If there was some readily available solution to the problem, then there'd be less to row about.

* if no banks paid large bonuses, bankers couldn't blackmail their employers by defecting to rival banks. But banks cannot commit to not paying large bonuses because it's always in their individual interest to do so.

Luis Enrique

Also, I think the ''fallacy of composition'' is being misapplied here. It's true that all bankers cannot all flounce off at once, but that's not the point - individual bankers can always defect and individual banks cannot commit not to hire them, hence bonuses will be paid to bankers in strong bargaining positions. If the 'fallacy of composition' did mean you don't need to pay bonuses to retain bankers, why are they occur in the first place? You don't say ''footballers cannot all flounce off to other clubs at once, hence they don't need to be highly paid to retain their services''. What's more, did not the author of this very blog remind us off the difference between short-run and long run elasticities? Whole industries can move offshore, given time.

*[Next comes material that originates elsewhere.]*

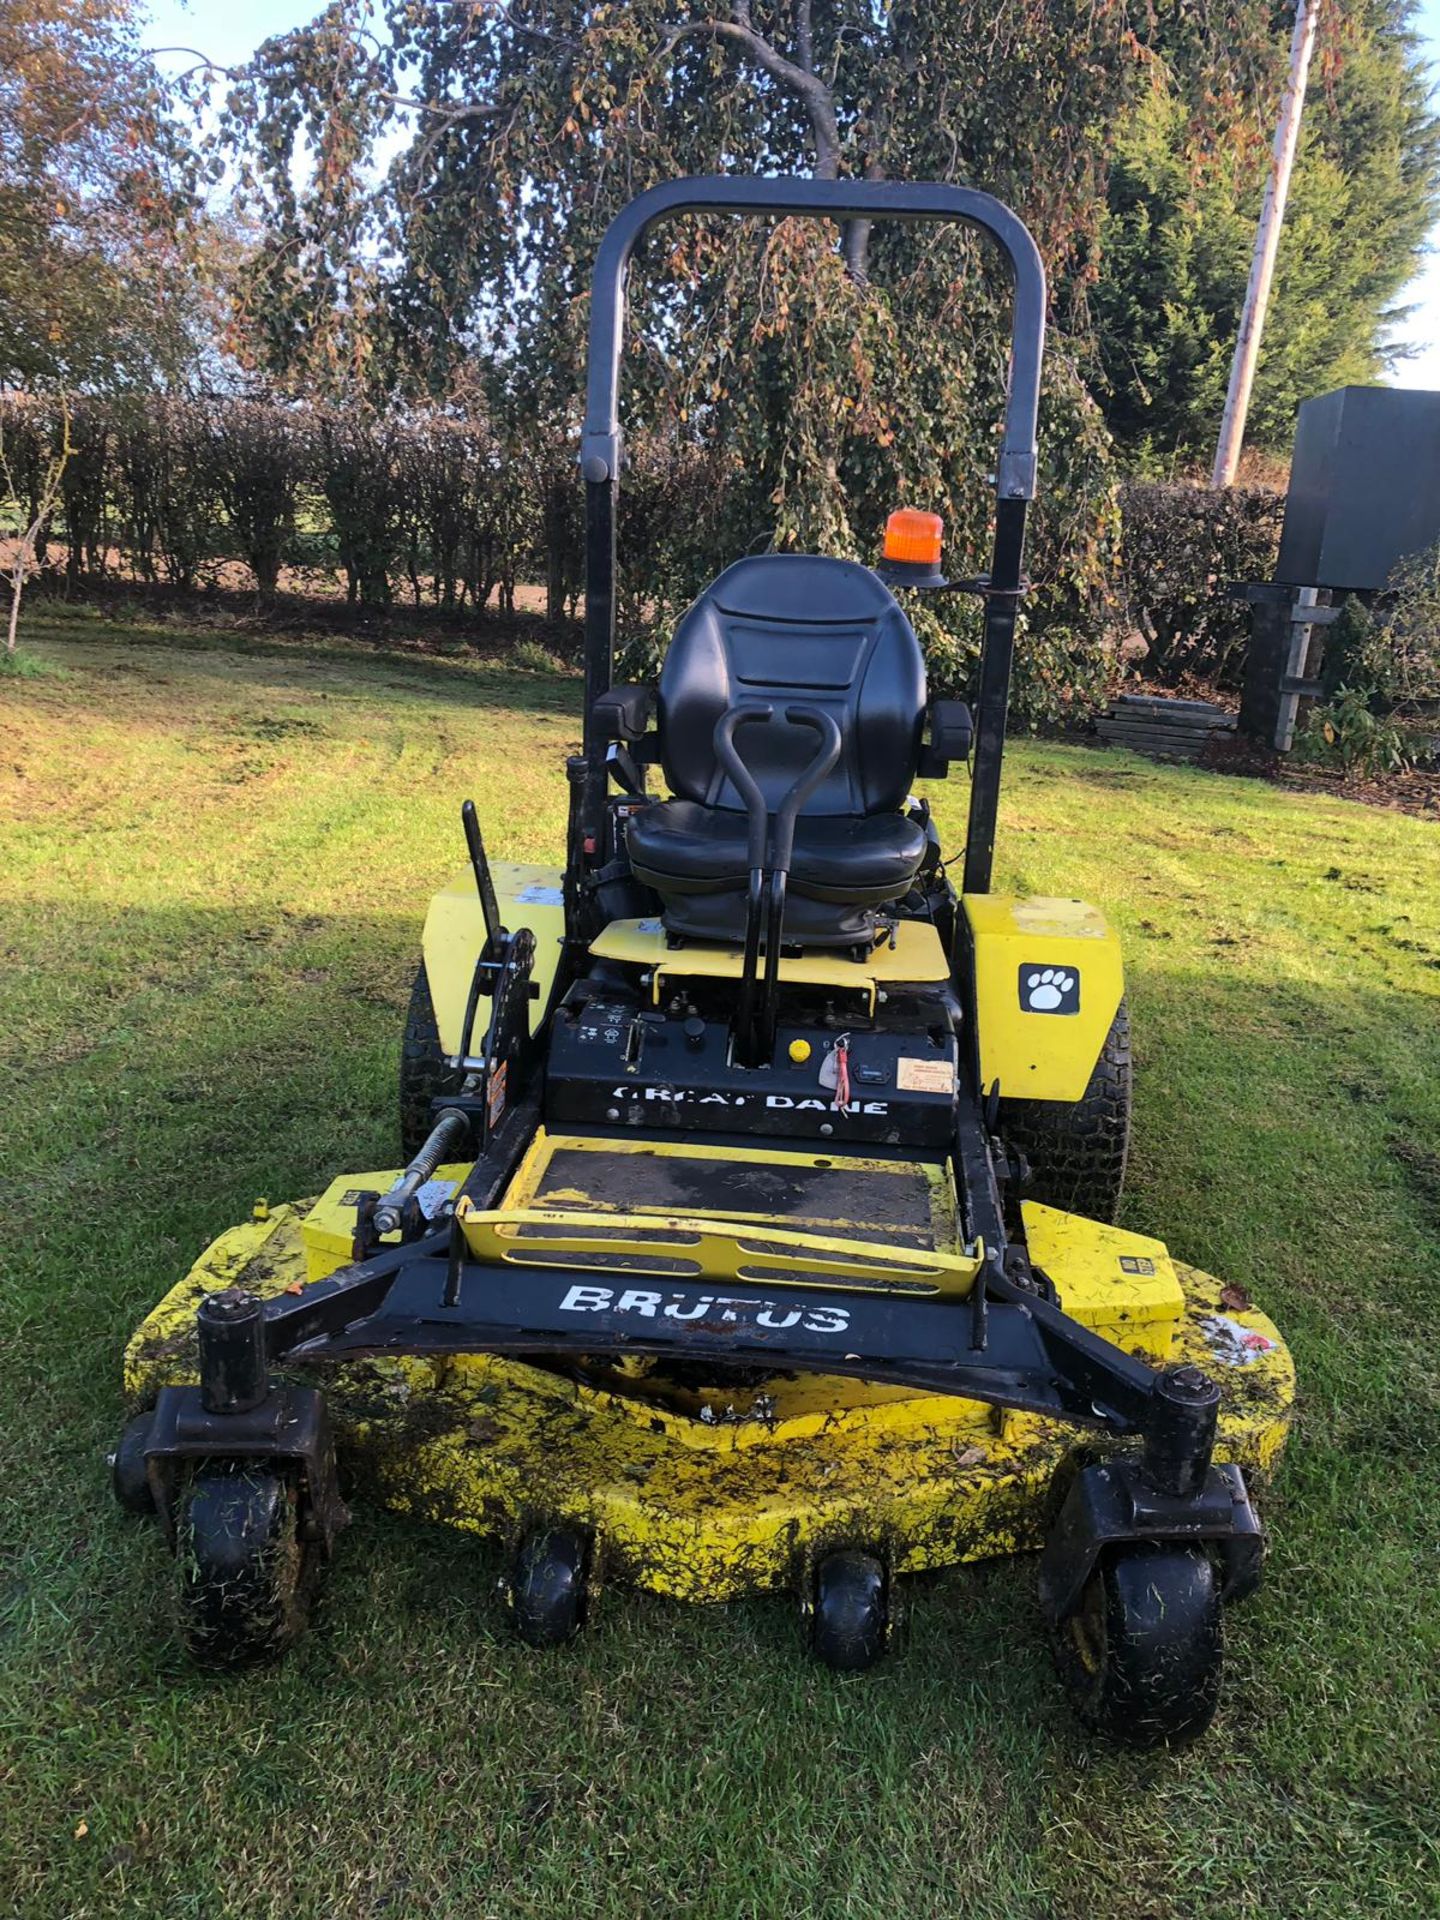 2012/12 REG GREAT DANE BRUTUS RIDE ON PETROL LAWN MOWER WITH DELUXE SEAT AND ROLL BAR *PLUS VAT* - Image 4 of 16

If this post means "why is there still a row about bankers' bonuses: it's obvious we need legislation to solve the coordination problem and stop them" then fine, but then we need to think about how to design that legislation so it cannot be subverted. But this post says nothing about how to design legislation.


The overwhelming problem is that those who make decisions, whether it be in government, or as a consultant/advisor never ever have to live with the consequences of the decisions they take. Unlike airline pilots or frontline soldiers.

It's easy to gamble when it's someone else's money.

In our town the Chief Executive and all the main officers live outside the area. If they screw the town over by introducing a disastrous traffic system and punitive parking charges so that no-one even goes shopping there, so that the town centre is a heady mix of charity shops and boarded up units.... well it's nothing to do with them is it? They never have to live with the consequences. Likewise bankers and government advisors.
A way must be found to make decision makers more accountable to us all.

alanm crisps

Shh...someone will realise that whatever it is I do isn't actually very difficult either!

(No bonuses or pay rise anyway).


Your argument may be correct to some extent however you fail to deal with the long term impact that an restrictive legislation will have on the banking system. Although the current crop of bankers may not move abroad, there will be little reason for the young to go into the profession. If this happens, in the future we could be importing bankers from other countries. Leaving racial prejudice out of this, there will still be negatives from importing labour; the main one is the amount of remmitence leaving the country. If our national income isnt at its full potential because of the increased remittances, the impact will be far greater than a couple of bankers getting bonuses for hardwork.